The Bay Colony had slowly worked themselves up into a rage for retribution over the murder of Captain Stone, a drunken adulterer they themselves would have killed if he was ever daft enough to return to Massachusetts. Oldham, on the other hand, was one of them, a church member, a member of the same body. That Indians had bashed in his brains and attempted to dismember him was in and of itself reason enough to mow down his murderers. That the killing happened after two years of Massachusetts’s jitters about Indian behavior south of its border meant war.
Two natives who understood the colonists’ state of mind, and wisely tripped all over themselves to remain on the Bay Colony’s good side, were Canonicus and Miantonomi, the Narragansett sachems. The following week, Canonicus sent three messengers, two of whom were eyewitnesses to Oldham’s murder, to Boston. They brought a letter from Roger Williams and news that Miantonomi was already “gone with seventeen canoes and two hundred men to take revenge.”
Winthrop says Massachusetts authorities interrogated one of the three Narragansett messengers. He divulged that Oldham’s murderers were Niantic allies of the Narragansett who, unbeknownst to Canonicus and Miantonomi, killed Oldham because he traded with the Pequot.
Winthrop records that Governor Vane wrote to Roger Williams to watch his back “if we should have occasion to make war upon the Narragansett, for Block Island was under them.”

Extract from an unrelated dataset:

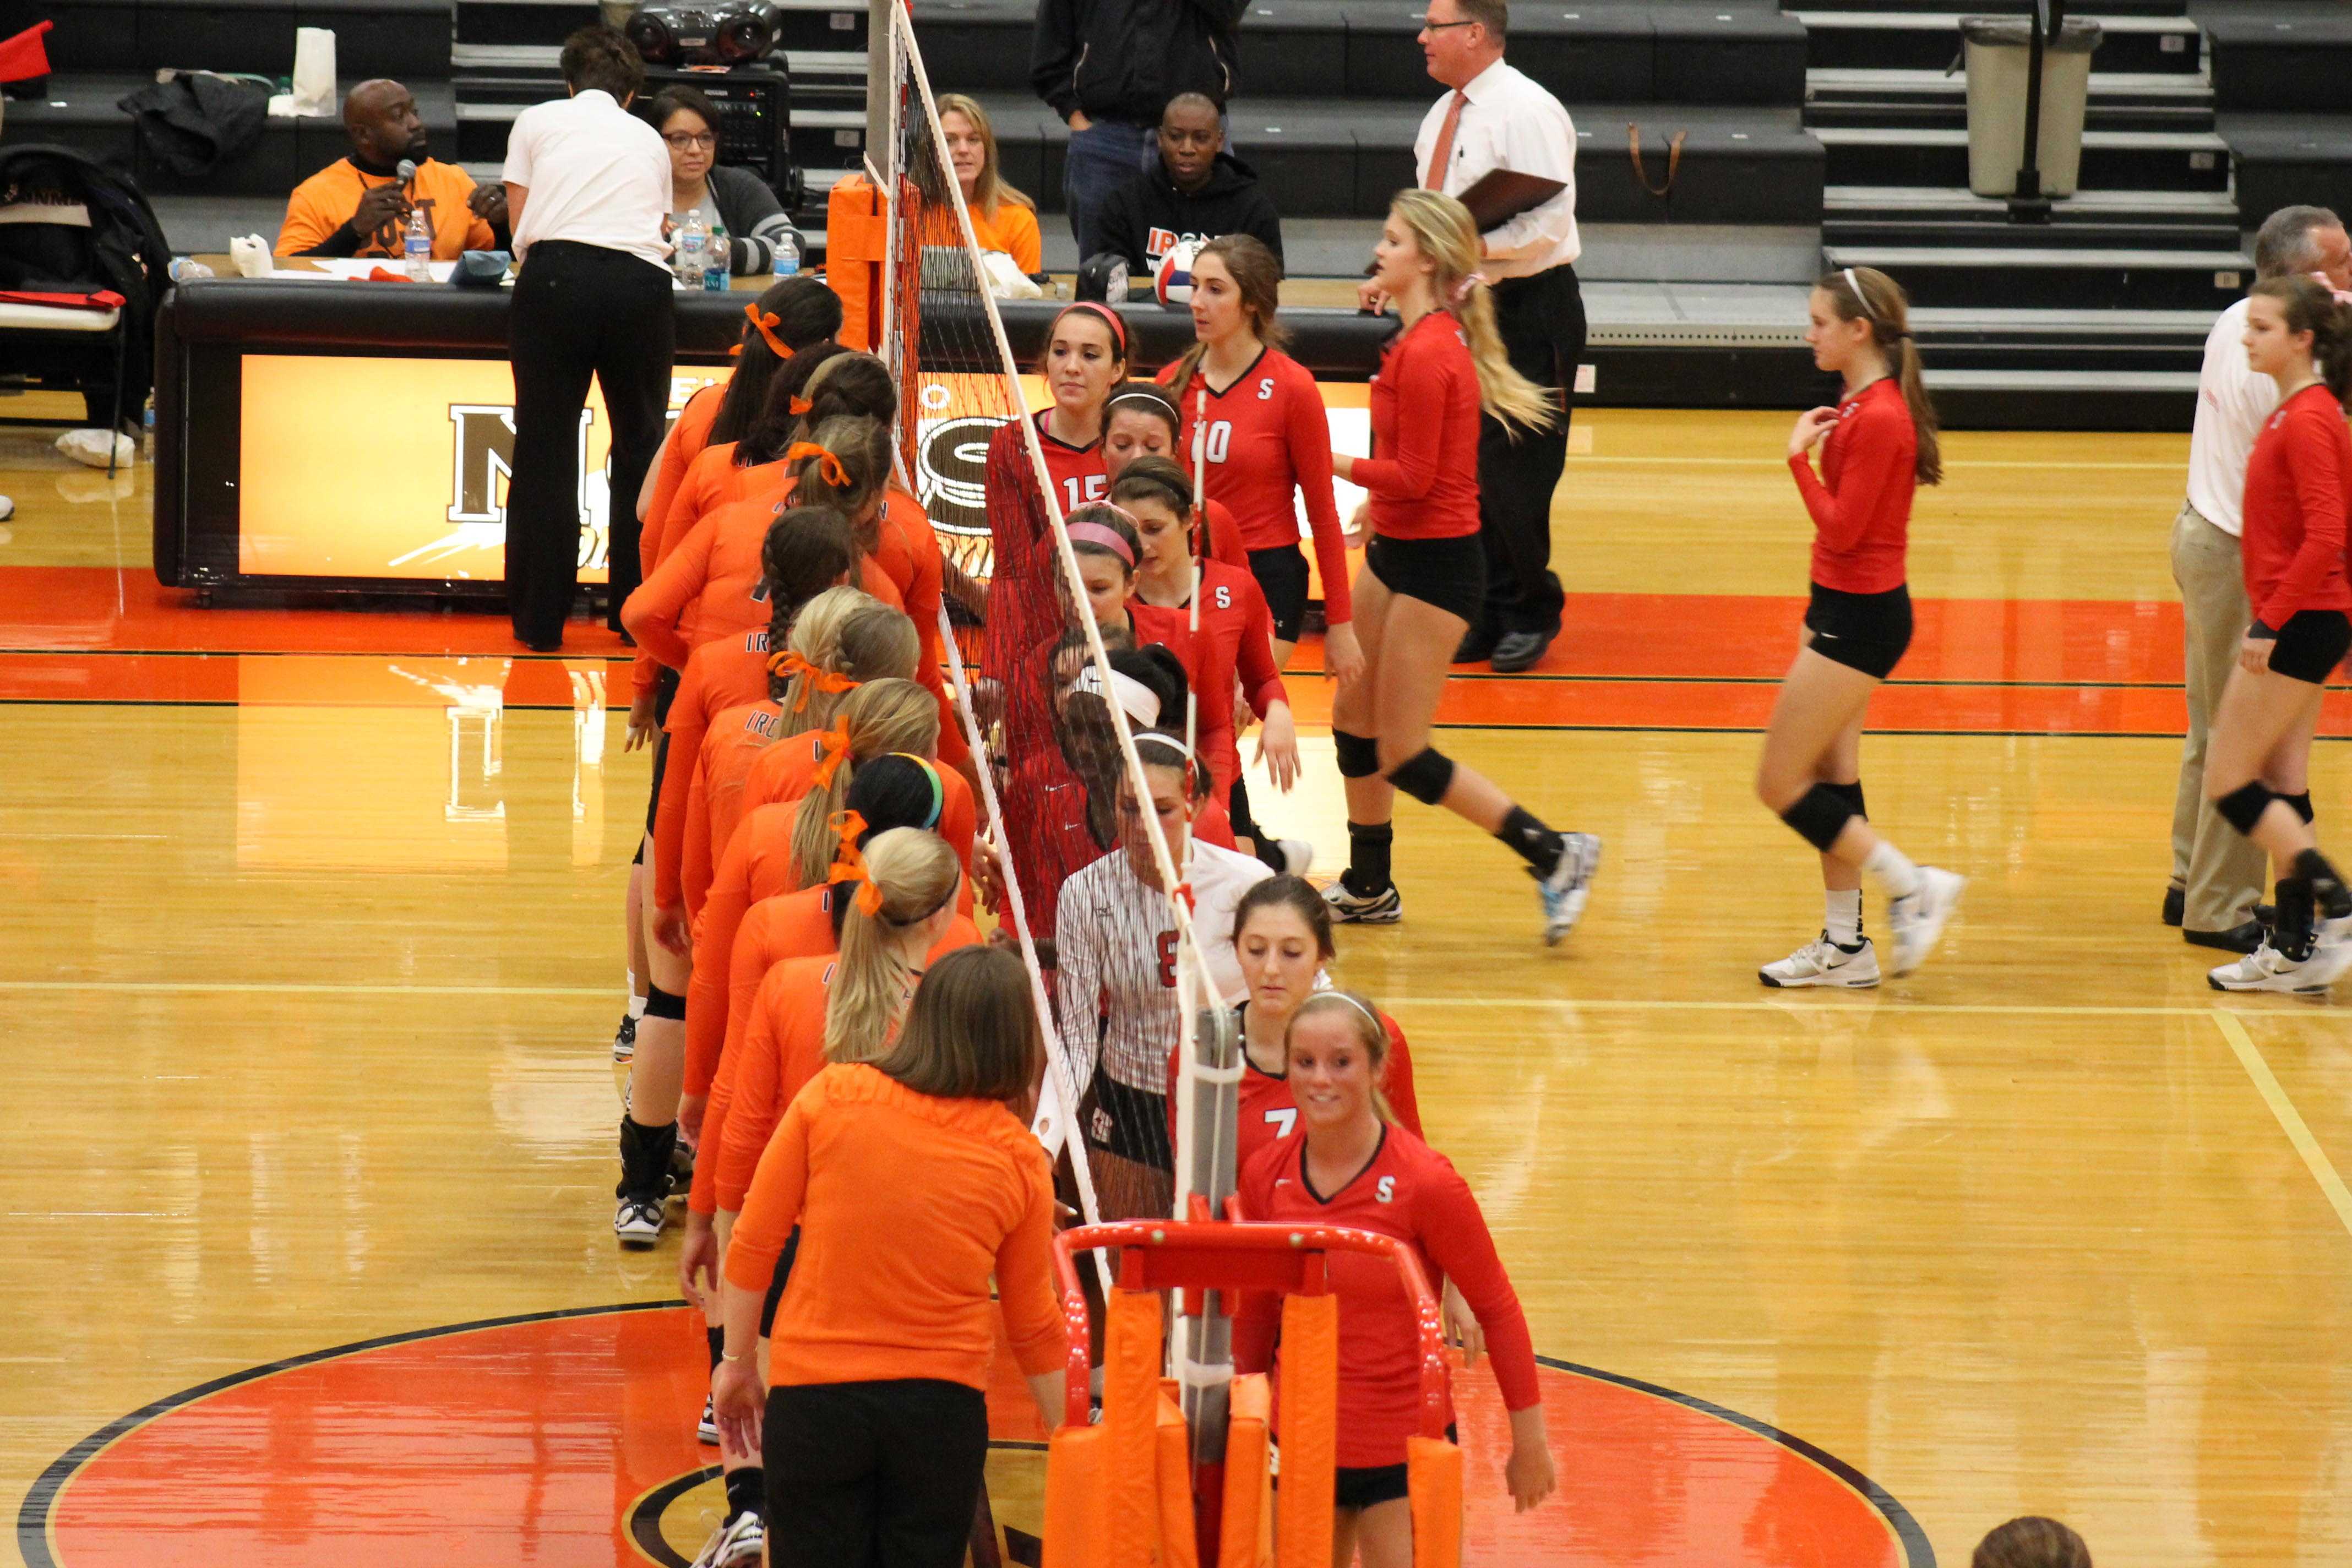 Lady Iron congratulate their opponents after winning the Sectional title in 3 games.

In other words, at this point, war with the Pequot is still not a foregone conclusion. But the Pequot’s chief rivals, the Narragansett, with help from Roger Williams, have acted quickly and shrewdly to win over the Bay Colony to their side.
Boston soon receives word from Miantonomi, that he is on the Niantic case and that he has a hundred fathom of Oldham’s wampum to send to Boston. (By contrast, Boston is still waiting to receive the reparation wampum they had demanded from the Pequot more than a year earlier.) The following week, Boston sends representatives to Miantonomi’s co-sachem, Canonicus, to shore up its alliance with the Narragansett. Winthrop writes with relief that the sachem has “great command over his men, and marvelous wisdom in his answers and the carriage of the whole treaty, clearing himself and his neighbors of the murder, and offering assistance for revenge of it.”

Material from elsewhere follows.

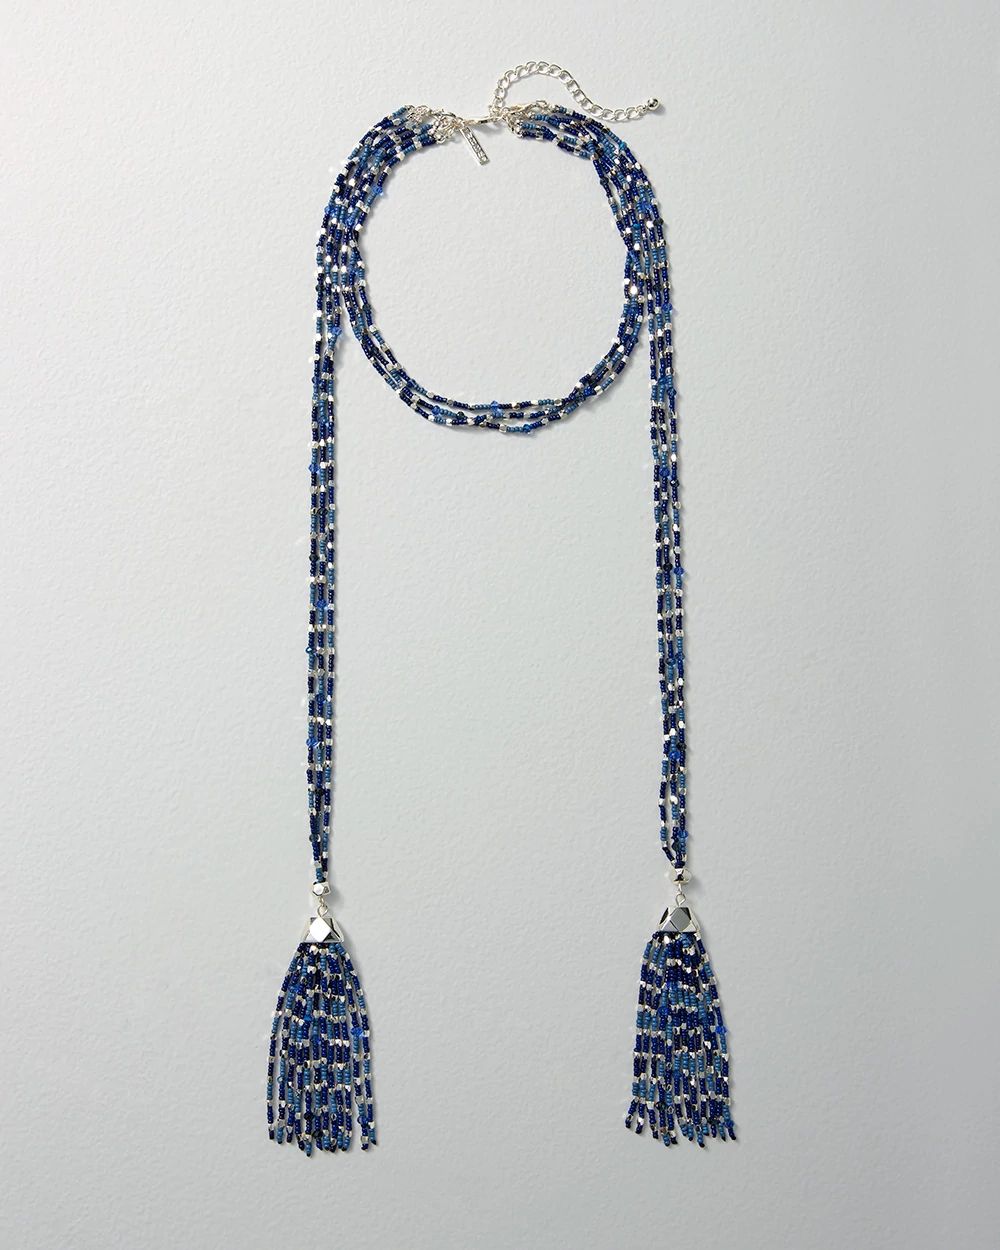 Denim Blue Multi-Strand Tassel Necklace click to view larger image.

On August 25, 1636, Winthrop records in his journal that Governor Vane, along with the magistrates and ministers meet “about doing justice upon the Indians for the death of Mr. Oldham” and agree to deputize a posse posthaste. They dispatch ninety men divided amongst four captains, including John Underhill, under the general command of Salem’s John Endecott.
Boston is cleaning house. The expedition’s mission is twofold. Winthrop writes, “They had commission to put to death the men of Block Island, but to spare the women and children . . . and from thence go to the Pequot to demand the murderers of Captain Stone,” along with one thousand fathom of wampum. If they are refused the perpetrators and the booty, the men are to kidnap Pequot children as ransom. Snatching kids away from their mothers as a military plan would be horrifying except for the fact that—spoiler alert—what the English end up doing to the Pequot youngsters is way, way worse than kidnapping.

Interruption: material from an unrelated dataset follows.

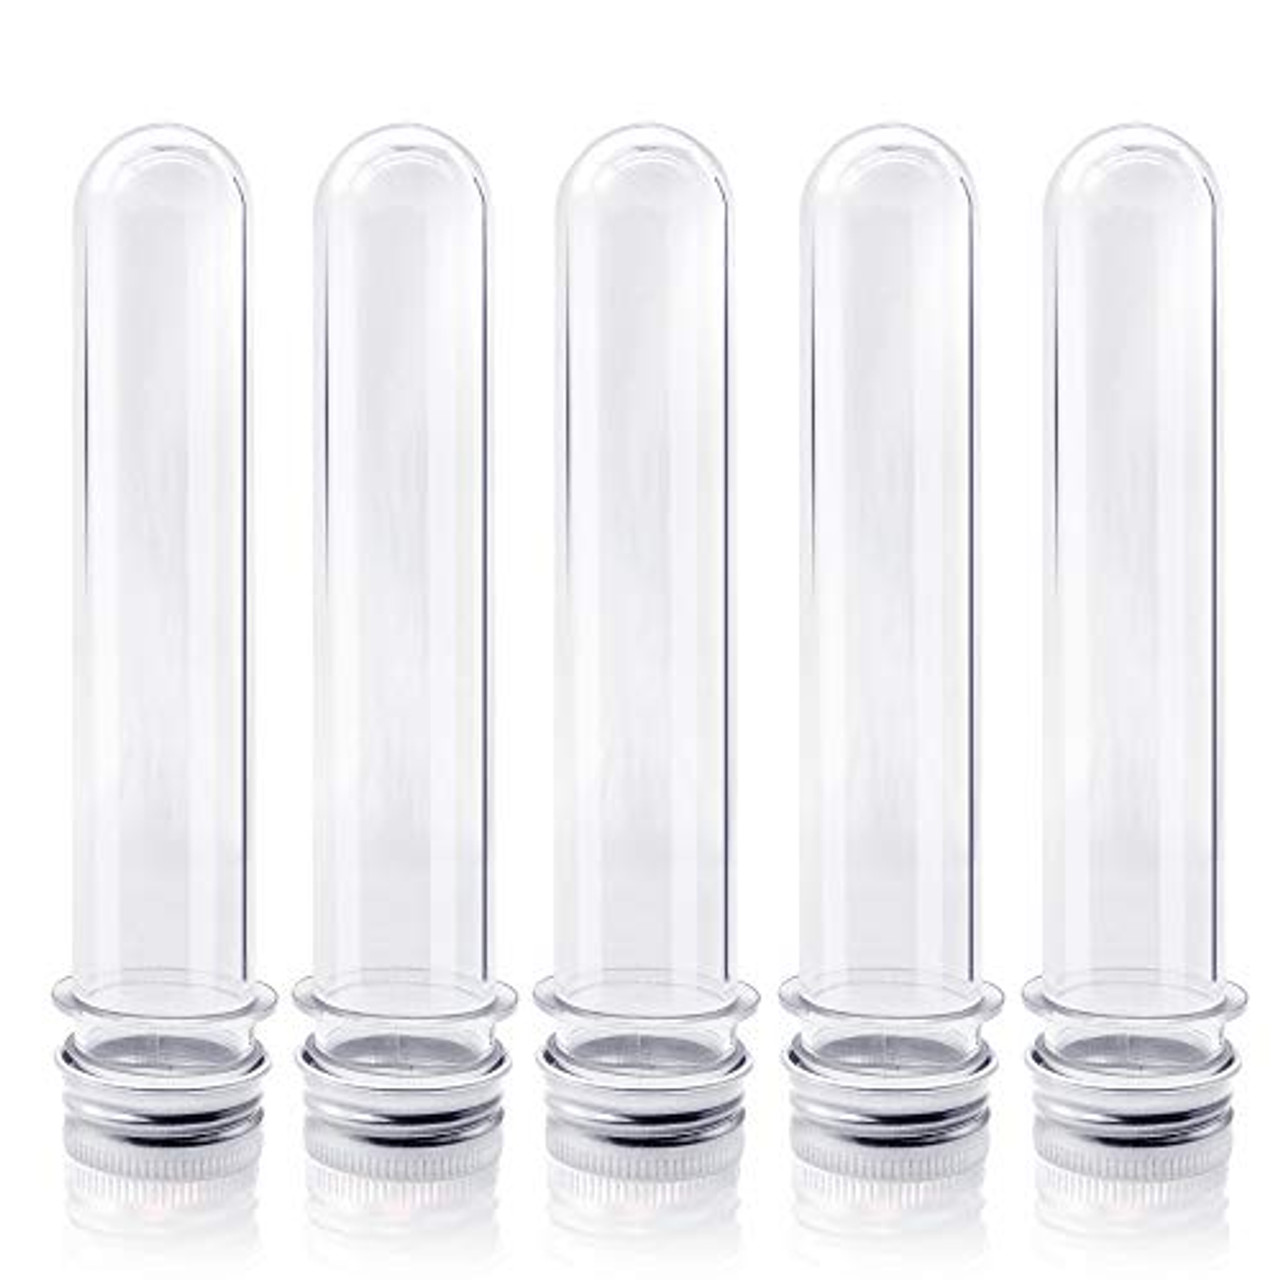 20 Pcs 40ml Glass Test Tubes,20 x 180mm Glass Test Tube with Cork Stoppers,Round Bottom Test Tube for Cultivated Plants,Science Themed Party and Candy Bath Salt Storage Container

As if there isn’t enough to worry about, the devil’s sorcerers are plotting against them. Roger Williams sends a disquieting letter, informing Boston that “The Pequots hear of your preparations . . . and comfort themselves in this that a witch amongst them will sink” the English boats “by diving under water and making holes.” Williams adds, “I hope their dreams through the mercy of the Lord shall vanish, and the devil and his lying sorcerers shall be confounded.”
Do keep in mind Williams’s warning of underwater witches as we witness the ugliness ahead. To modern readers, the Pequot War is an unpleasant turf war in which the English battle a specific New England tribe. To the English, they are fighting the devil himself and his earthly representatives.